Work required. The lines below, from the one holding "Quartieri Spagnoli #3" through the one holding "Materiaallift 1,7-4,0 m 100 kg (dutch) (4)", are to be restated word for word, with all images left out.

Records supplied.
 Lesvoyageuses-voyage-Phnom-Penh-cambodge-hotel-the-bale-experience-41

==

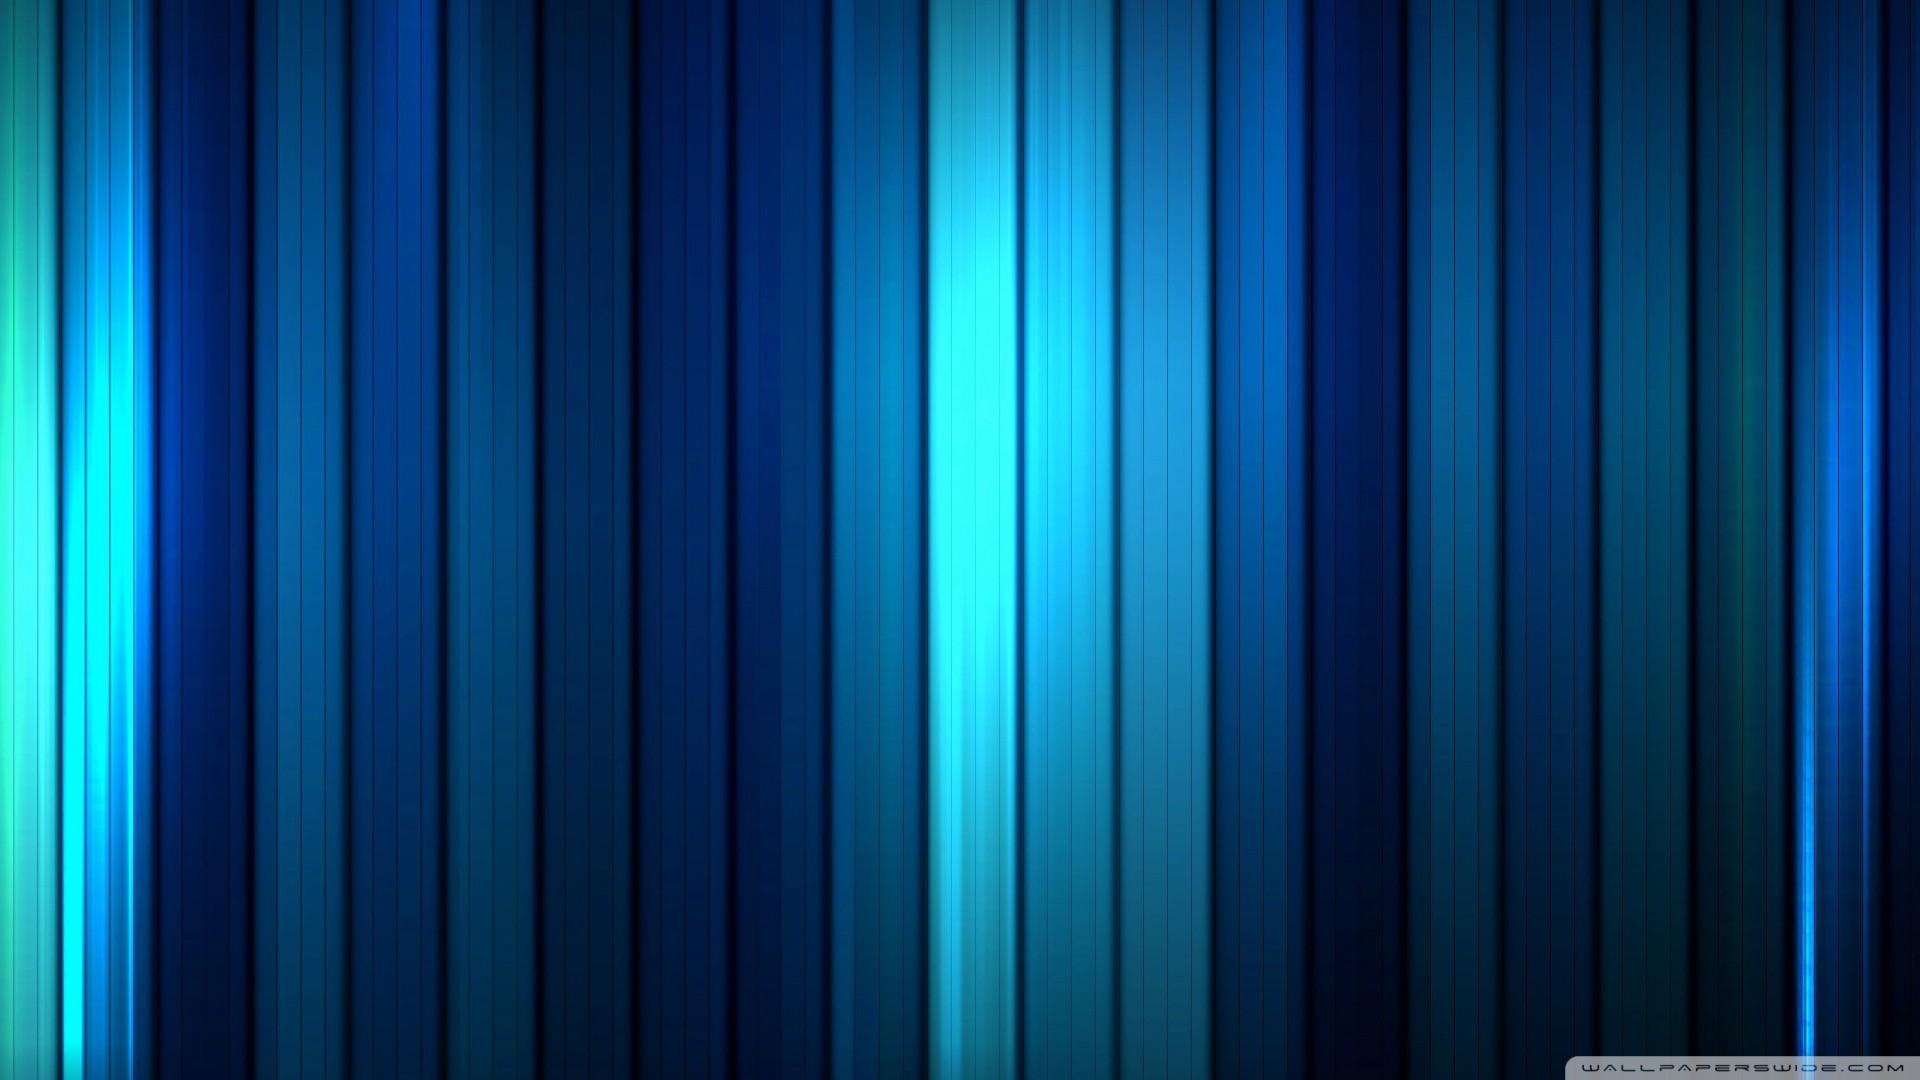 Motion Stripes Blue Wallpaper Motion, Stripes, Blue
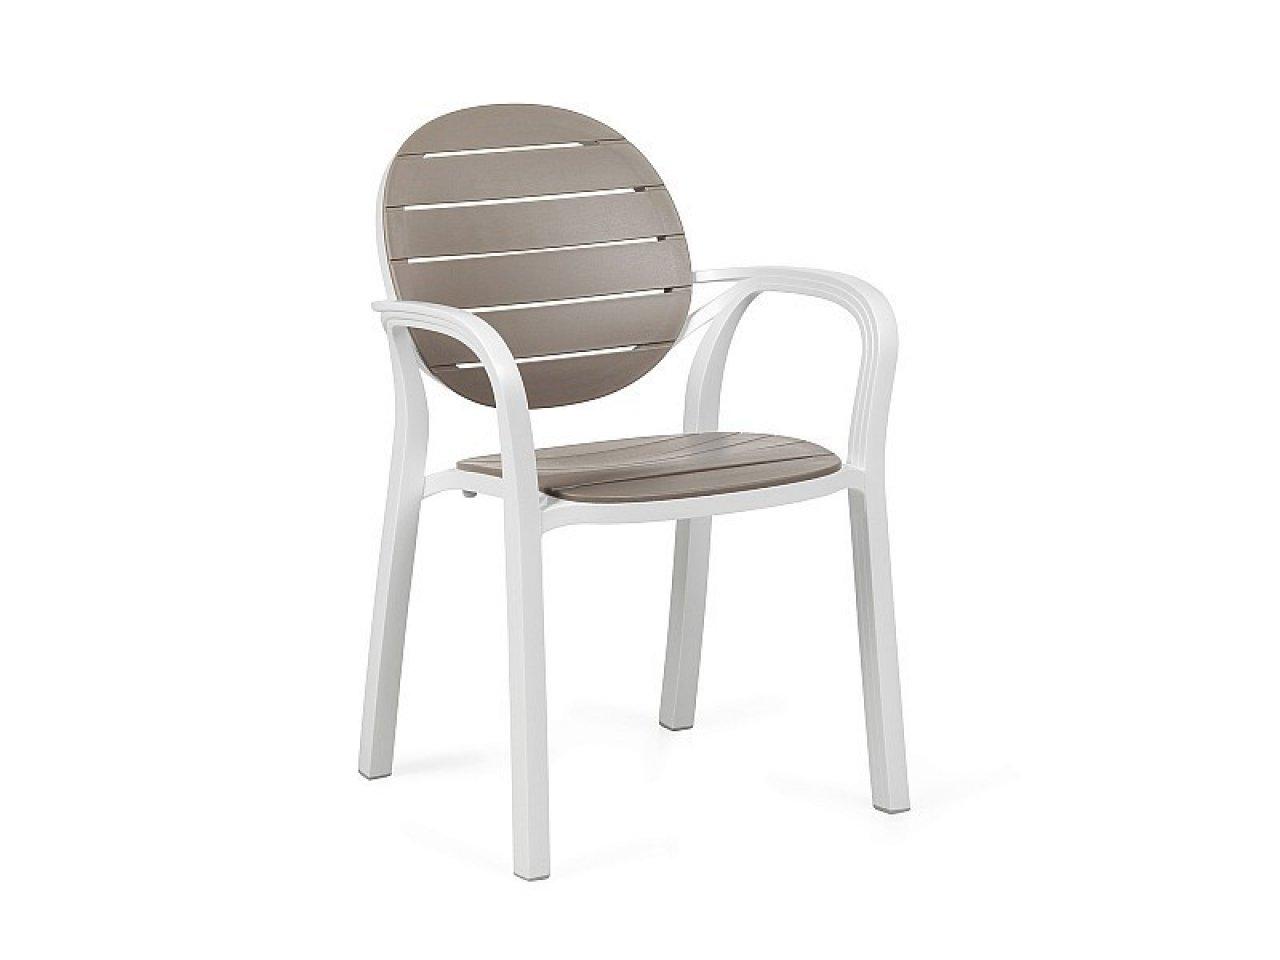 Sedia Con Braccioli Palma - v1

* * *

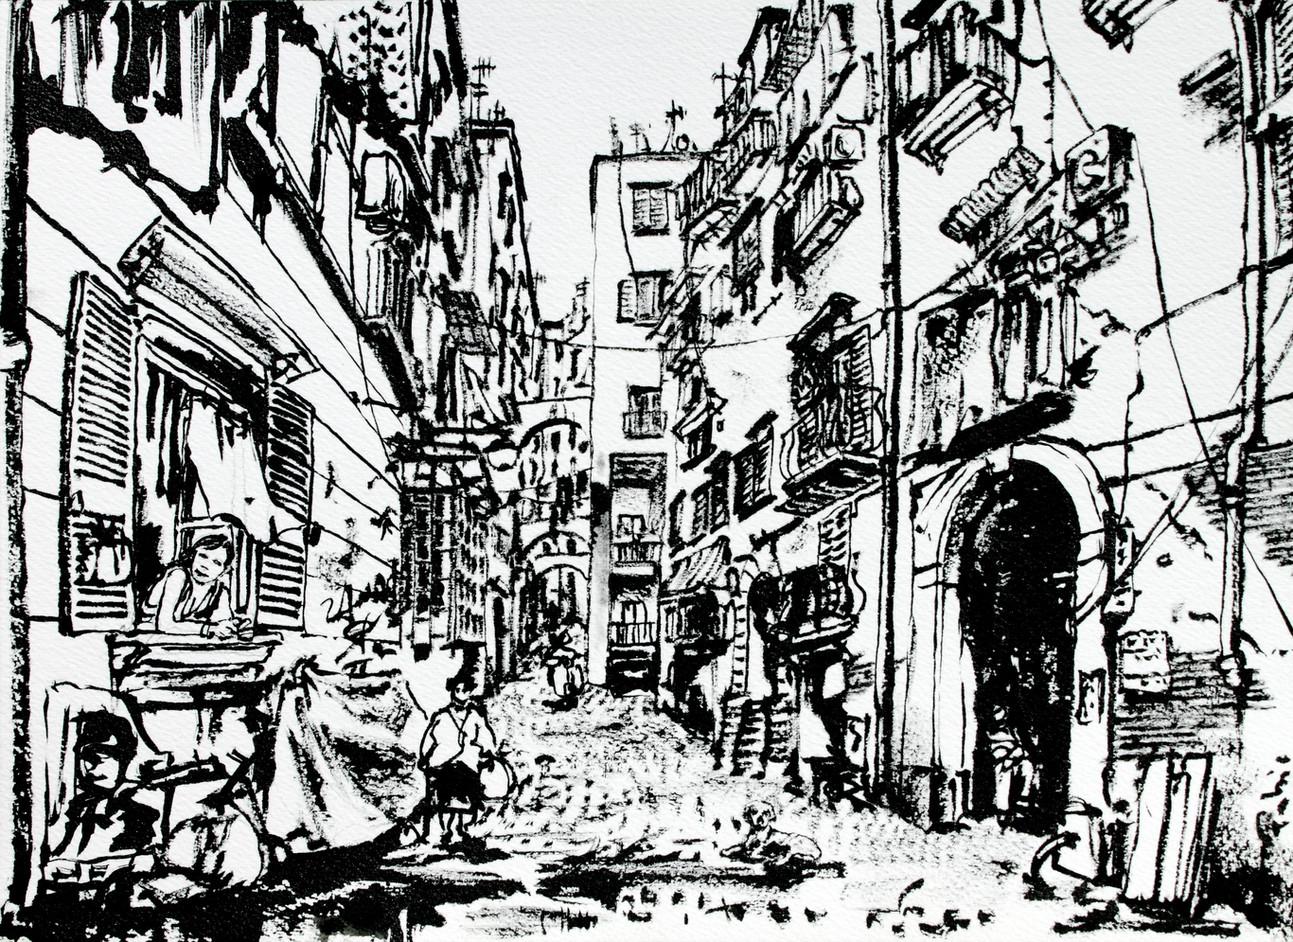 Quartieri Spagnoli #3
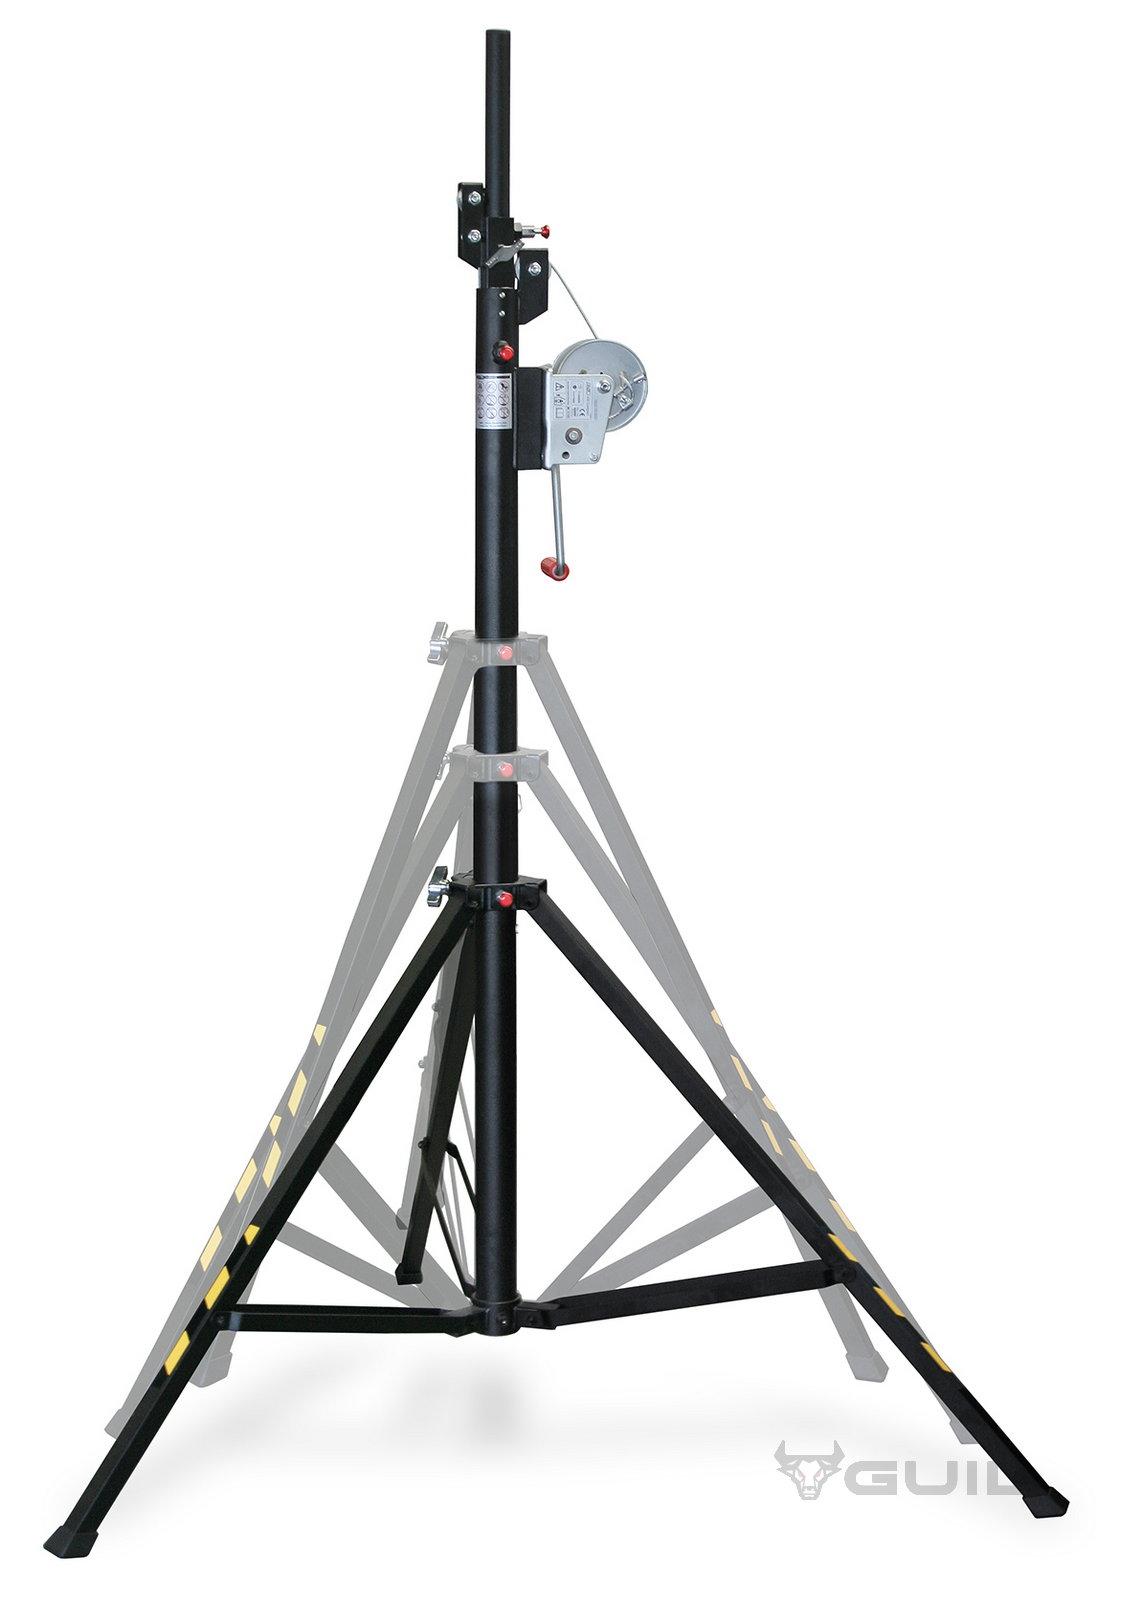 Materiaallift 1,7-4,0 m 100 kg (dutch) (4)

Solution for this exercise.
 Quartieri Spagnoli #3
 Materiaallift 1,7-4,0 m 100 kg (dutch) (4)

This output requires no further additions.